Singapore-headquartered Gaylin, a specialist supplier of lifting, rigging and marine equipment, has initiated a plan to reposition its Vietnam facility to address changing trends in the local oil and gas, refining and chemical plant sectors. In essence, Gaylin will build on more than a decade of experience supplying slings and shackles to expand the portfolio, creating rental and labour-based revenue streams.
Gaylin has five other global hubs in the region—South Korea, Singapore, Malaysia, Indonesia and China—across which a dedicated training and competency programme has been rolled out to ensure personnel are trained on the latest legislation applicable to their respective geographies and marketplaces.
Ongoing development of the Vietnam operation, which is located in the Dong Xuyen Industrial Park (since 2014), is focused on implementation of a more robust quality management system coupled with a driven, long-term training plan. Gaylin will introduce a much wider range of rental assets locally that includes specialist equipment such as load cells, spreader beams, testing equipment, winch systems and spooling capabilities.
Mike Duncan, Managing Director of Gaylin International Pte Ltd, said: “Gaylin has the potential to be the market leader in the region with its ability to diversify from a typical rigging shop to go the extra step and provide solutions that similar companies do not have the technical support or stock levels on the ground to cope with.”
Gaylin Vietnam was established in 2001 with only a two-man marketing team before it evolved in 2007 and set up in a facility located at the commercial port of Vũng Tàu in the heart of the Bà Rịa province. Prior to that, all lifting and rigging equipment were shipped from Gaylin’s headquarters.
Today, it has an 11-men strong team that specialises in the manufacture of wire rope slings and spooling services, principally to the oil and gas industry. The workshop is equipped with a 2,000t Wirop hydraulic press that can manufacture slings from 40mm to 76mm; a 1,000t press from the same manufacturer that can make slings from 3mm to 52mm diameter (both with ferrule secured eyes); and a 300t horizontal tensile testing machine, again from Wirop, that complies with verification and testing requirements of the region.
Duncan said: “Typically, all slings made here at Gaylin Vietnam are with aluminium ferrule secured eyes, however, we have seen more demand for Flemish eye type terminations, so we are tailoring our solutions and responding to these market trends. All types of wire rope terminations are manufactured in accordance with European specifications, while many of the industry’s leading global lifting gear manufacturers supply a facility that now offers a comprehensive range of equipment.”

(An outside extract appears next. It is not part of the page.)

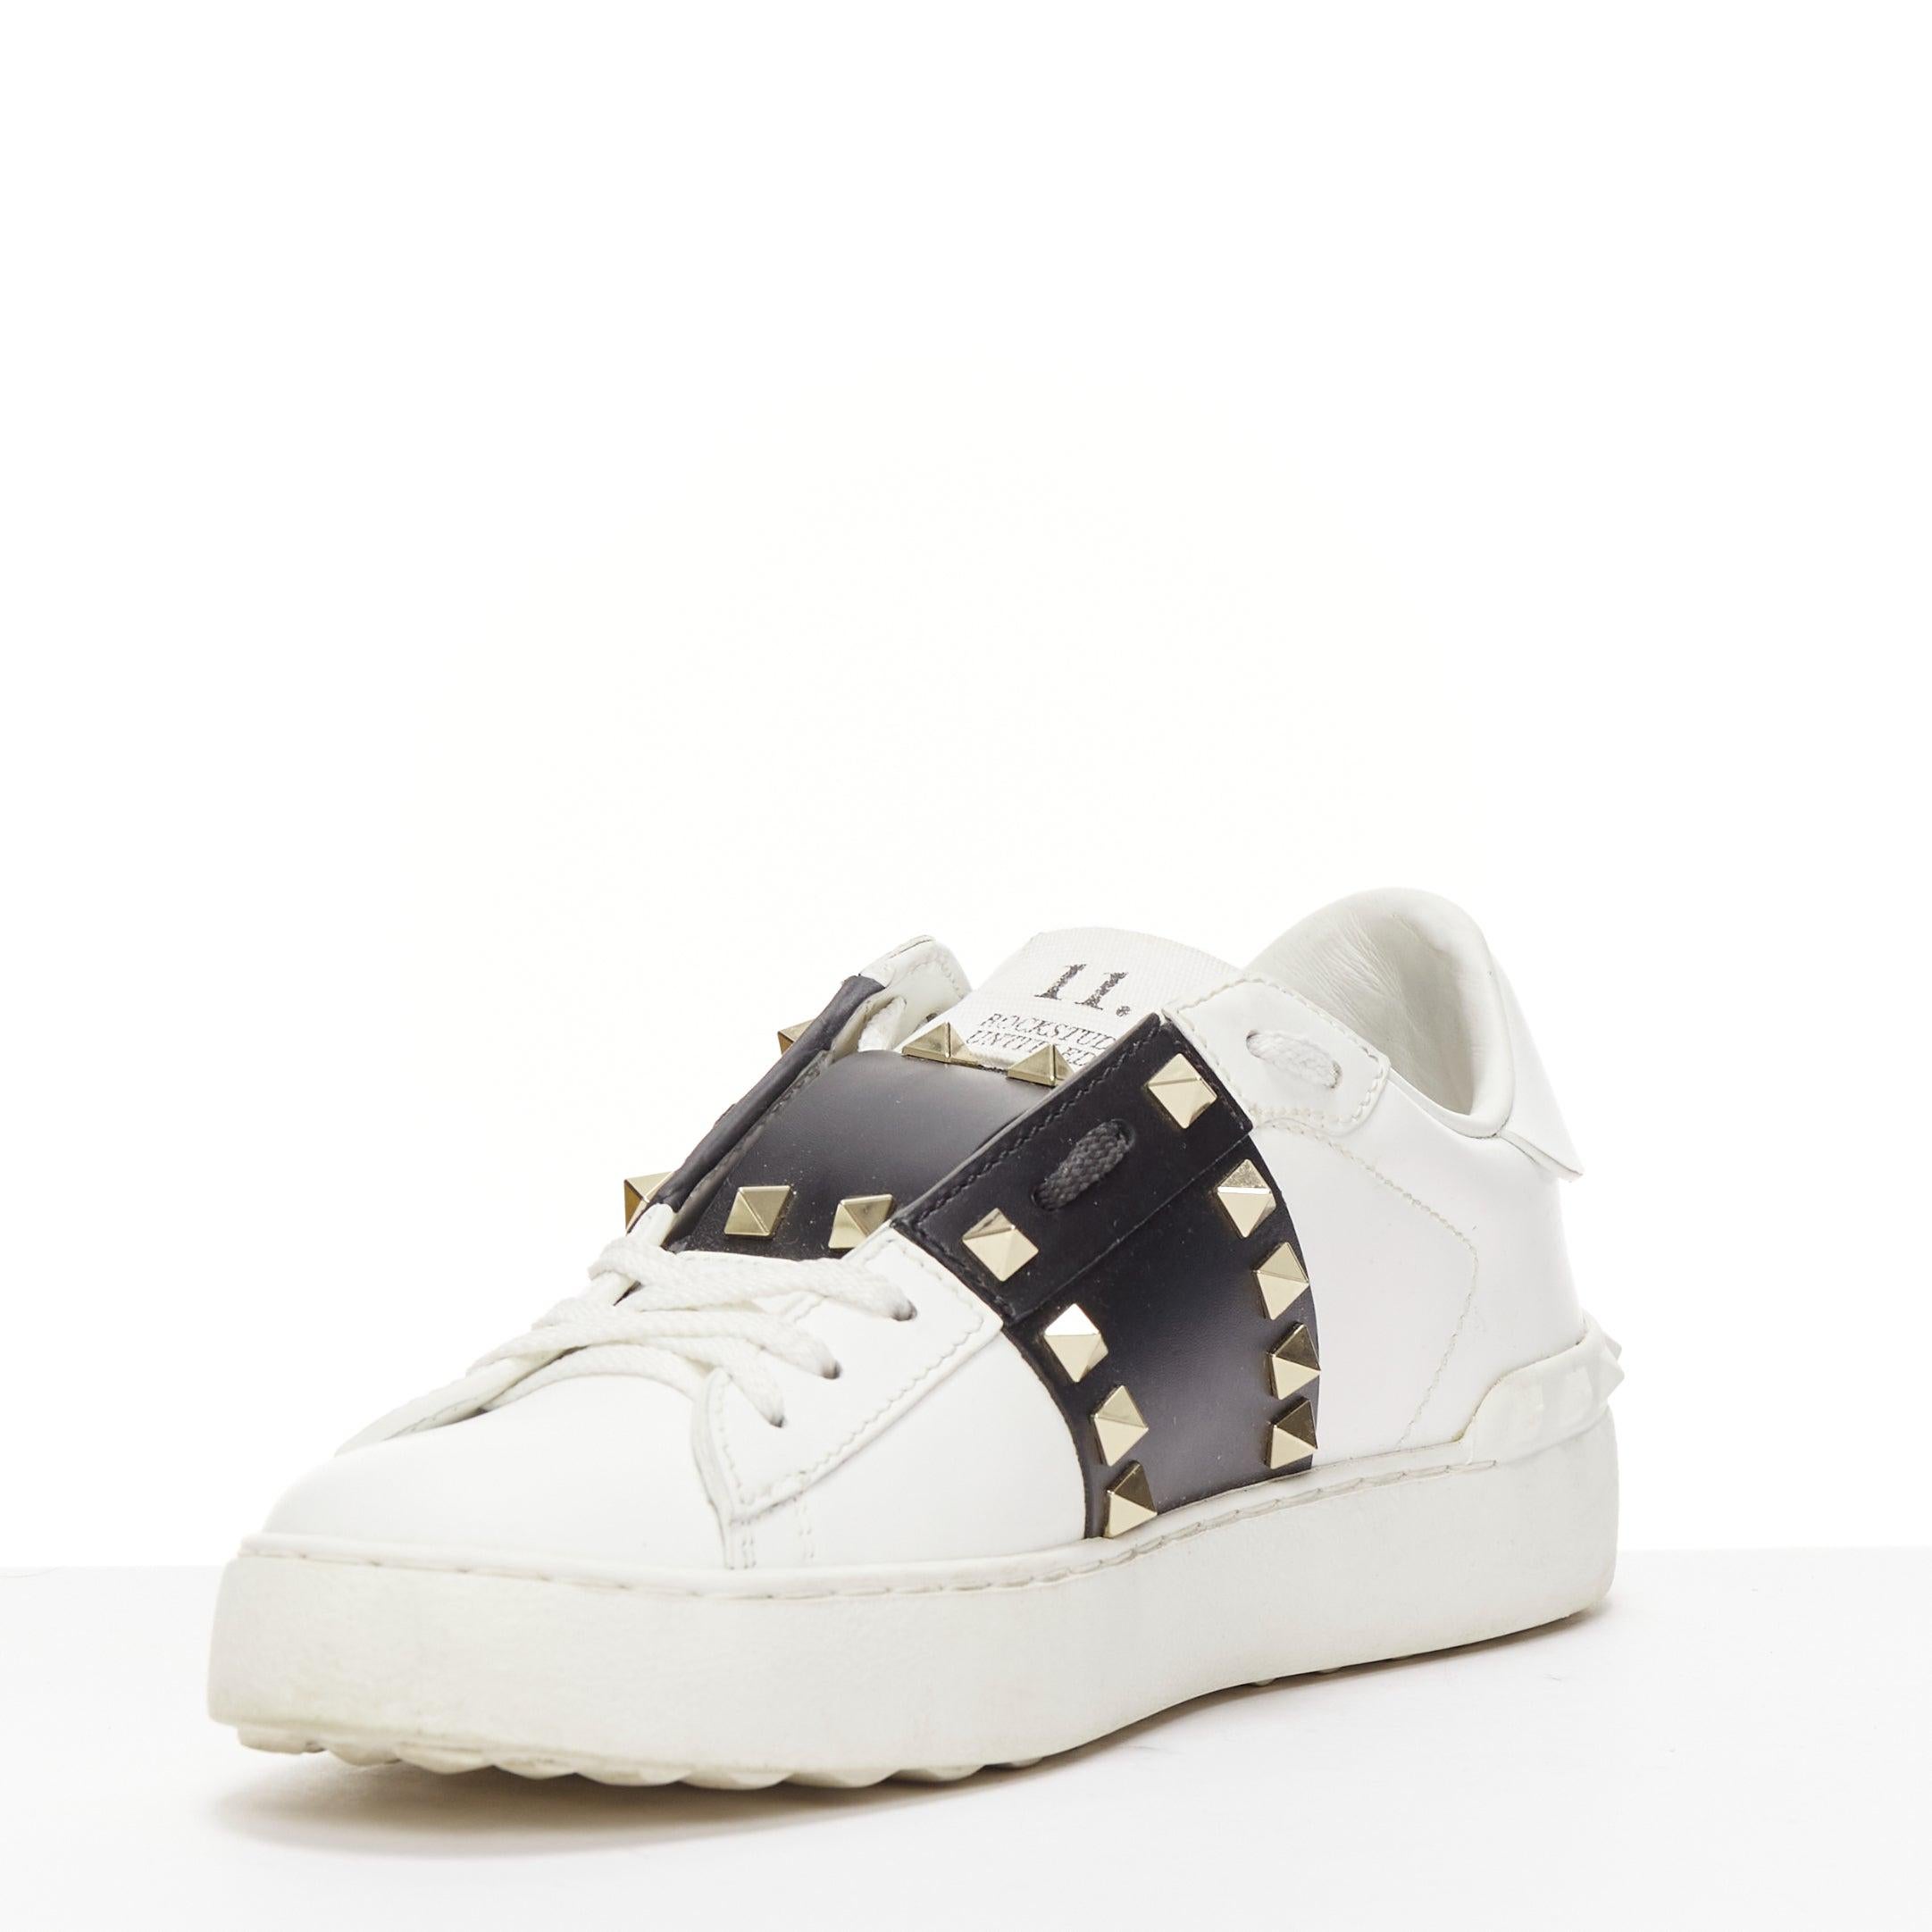 VALENTINO Rockstud Untitled Open black white leather studded sneakers EU37 For Sale 1

He continued: “The current downturn in the market has led to contractors and operators alike seeking cost-effective solutions. We are able to relocate heavy rigging, plant and machinery from other locations to Vietnam in order to offer rental packages to the client, thus, reducing their needs for capital expenditure on low utilised assets.”
And concluded: “Vietnam has developed with a heavy presence of western companies that influence procedures, evident in the way yards, ports and other sites are managed, whereas South Korea and Singapore, for example, apply their own rules and regulations. Vietnam has huge drilling opportunities and I often refer to its similarities with Azerbaijan or Kazakstan in earlier days.”